My mother has one of her perpetual colds and sniffles the whole time. She dabs her nose with a tissue, for emphasis, I think.

"And you know, Gerald, I really do believe he was relieved. He cleared his throat more times than I can remember, and shuffled his papers on his desk, but in the end, he was glad I put my foot down....Now we're happier than we've been in a while."

Then, like a concerned grandmother, she changes the subject to the babies. She delicately inquires about Genevieve and our plans for the future, while letting me know I can't discuss her marriage. That I should be grateful she still talks to me.

The snow becomes heavy so we head back to their large house, overlooking the lakes and the valley. As we climb the step drive she suddenly blurts, "Why do we save our best face for others and show our worst face to those we love." And cries for one of the few times I can remember. I hand her a Kleenex.

Before dinner I go back up stairs to the east wing and walk down the long hall of the "children's" side of their home. I open the door, peer into my old room. It's almost the way I left it, chock full of hockey sticks, pennants, footballs, skis, and trophies. It looks like it belonged to some other kid.

After dinner everyone ends up in the den. It is dark, cozy with leather couches you can really settle into. My wife and I grab one and pass the babies back and forth. My aunt crochets, my mother wraps herself in a handmade shawl. My father comments. We watch TV to avoid talking about my brother and sister. They're gone on a deluxe ski trip to Switzerland, with their families.

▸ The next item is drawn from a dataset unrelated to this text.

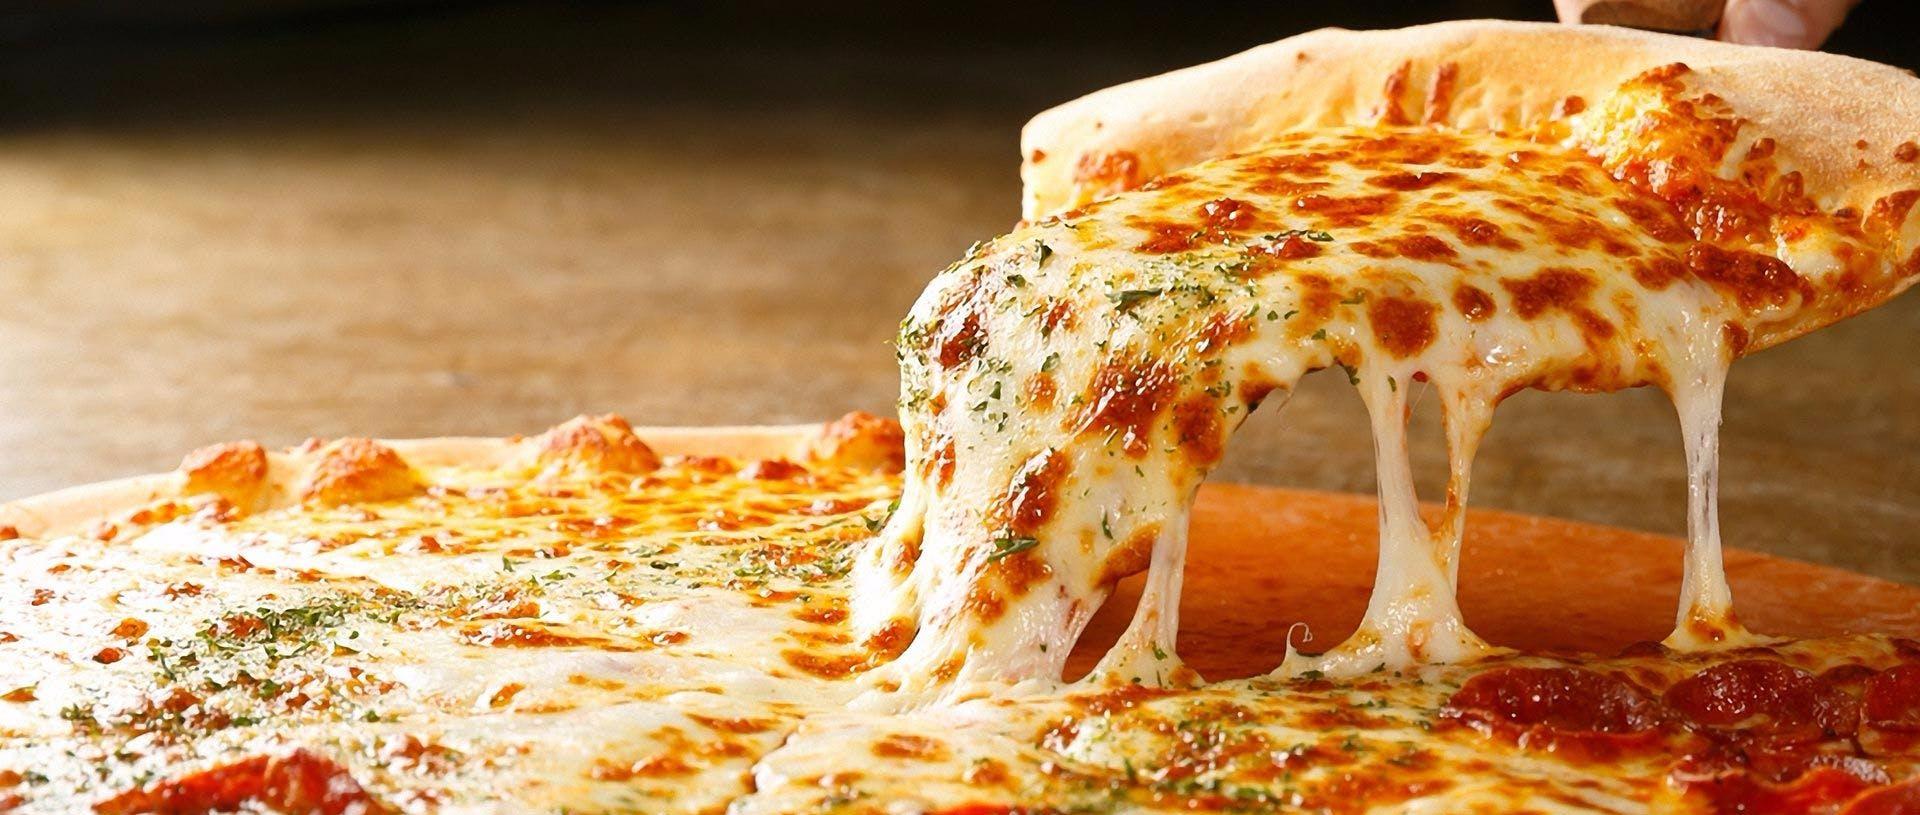 Pronto Pizzeria Burnley Pizza Takeaway In Burnley

Thanksgiving behind us, Jenny and I leave early in the morning. Everyone comes out to wave as we drop down the hill in my aging station wagon. For the first time I realize my mother's smile is as hard and delicate as the Massachusetts snows.

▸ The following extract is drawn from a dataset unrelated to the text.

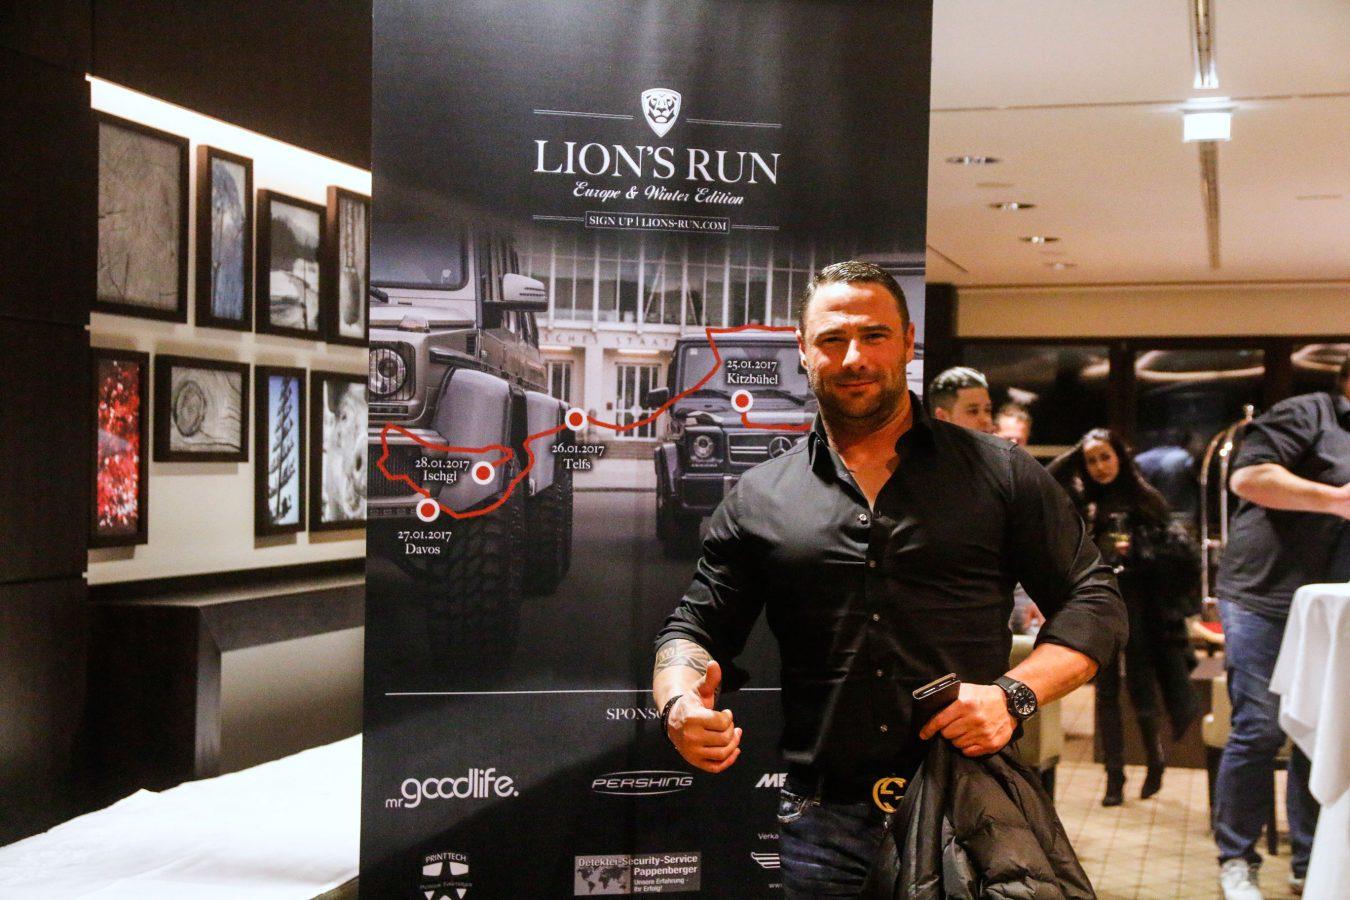 Lions_Run_winter_edition-2017_176-1

Now we've been driving all day, I can see the sun setting in the side-view like a fire I'm fleeing.

And also I've been watching Jenny in the mirror: the baby reaching up to her, suckling her, sleeping in her arms; the toddler putting his fingers in her mouth, wiping her with saliva, milk, and graham crackers.

From the back I hear her quiet voice, "Gerry, we need to find a motel soon, I don't think I can last much longer."

I know that tone, soft and firm. I exit at the first food-fuel-lodging sign on the interstate, and we race down a strip of plastic restaurants to a Comfort Inn.

I look in the rear-view to check on Jenny. She's asleep with the toddler curled up on her lap and the baby nursing from her open blouse. A soft neon glow mixes with the left-over sunset as I signal my turn.

But in the middle of the parking lot, I have to bring our wagon to a halt. I'm having trouble seeing, my eyes have glazed over with tears.